Ainsi que cela a été mentionné et reflété ci-avant, la déclaration signée par le titulaire de la société Intersocks Group contient deux photos, mais une seule de ces photographies
montre un signe similaire à la marque contestée: .À la lumière de l’appréciation réalisée ci-dessus, aucun des documents, qu’ils soient seuls ou en combinaison les uns avec les autres, ne peut prouver l’usage sérieux de la marque contestée, étant donné qu’aucun élément d’information concernant la nature de l’usage, le lieu et la durée de l’usage n’a été mentionné dans la déclaration générale contenue dans la déclaration jointe à l’annexe S & J5, sans avoir été corroborés par les documents présentés.En outre, il n’existe absolument aucune preuve de l’importance de l’usage.
Conclusion
Il résulte de ce qui précède que le titulaire de la marque de l’ Union européenne n’a prouvé l’usage sérieux de la marque de l’Union européenne contestée pour aucun des produits pour lesquels celle-ci est enregistrée.Par conséquent, la demande en déchéance est entièrement recevable et la marque de l’Union européenne contestéedoit être déclarée nulle dans son intégralité.

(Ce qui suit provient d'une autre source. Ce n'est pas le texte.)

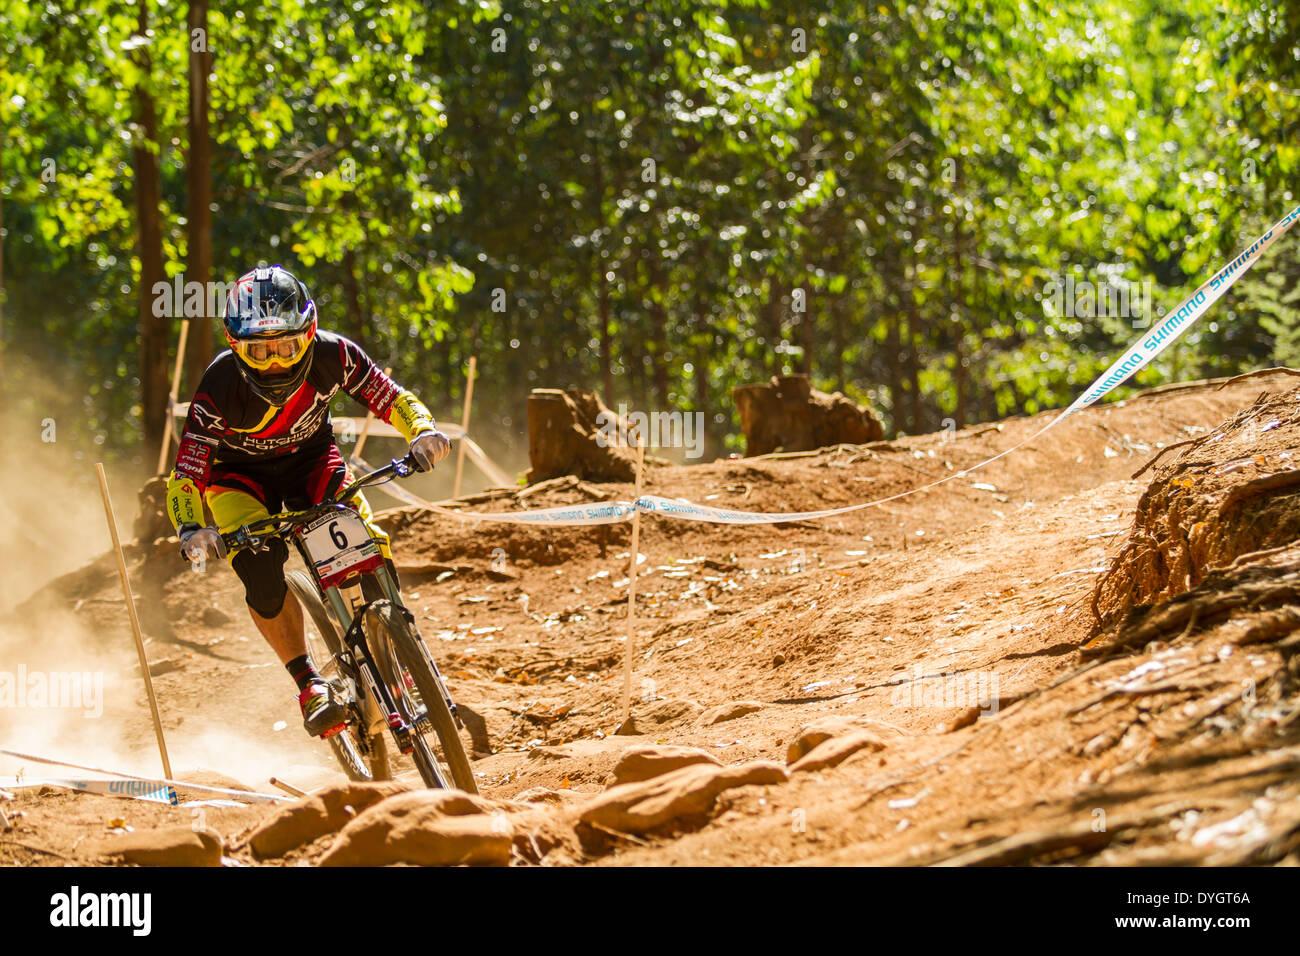 Cornering on downhill track - Stock Image

Selon l’article 62, paragraphe 1, du RMUE, la déchéance prendra effet à compter de la date de la demande en déchéance, c’est-à-dire à partir du 05/12/2018.
COÛTS
Conformément à l’article 109, paragraphe 1, du RMUE, la partie perdante dans une procédure d’annulation doit supporter les taxes et frais exposés par l’autre partie.
page:9De9 Décision sur la décision attaquée no 30 561 C
La titulaire de la marque de l’Union européenne étant la partie perdante, elle doit supporter la taxe d’annulation ainsi que les frais exposés par le demandeur dans le cadre de la présente procédure.
Conformément à l’article 109, paragraphe 1, et (7) du RMUE, et à l’article 18, paragraphe 1, point c) ii), du règlement (CE) no 2868/95 de la Commission du 13 décembre 1995 portant modalités d’application du règlement (CE) no 40/94 du Conseil sur la marque communautaire (JO L 303, p. 1), tel que modifié par le règlement (UE) 2015/2424 du Parlement européen et du Conseil du 16 décembre 2015, les frais à rembourser à la demanderesse
De la division d’annulation
Carmen SÁNCHEZ María Belén IBARRA ANA Muñiz RODRÍGUEZ PALOMIQUE DE DIEGO
Conformément à l’article 67 du RMUE, toute partie peut recourir contre la présente décision pour autant que cette dernière n’ait pas fait droit à ses prétentions.Conformément à l’article 68 du RMUE, le recours doit être formé par écrit auprès de l’Office dans un délai de deux mois à compter du jour de la notification de la présente décision.L’acte de recours est déposé dans la langue de procédure de la décision attaquée.En outre, un mémoire exposant les motifs du recours doit être déposé par écrit dans un délai de quatre mois à compter de cette date.Le recours n’est considéré comme formé qu’après paiement de la taxe de recours d’un montant de 720 EUR.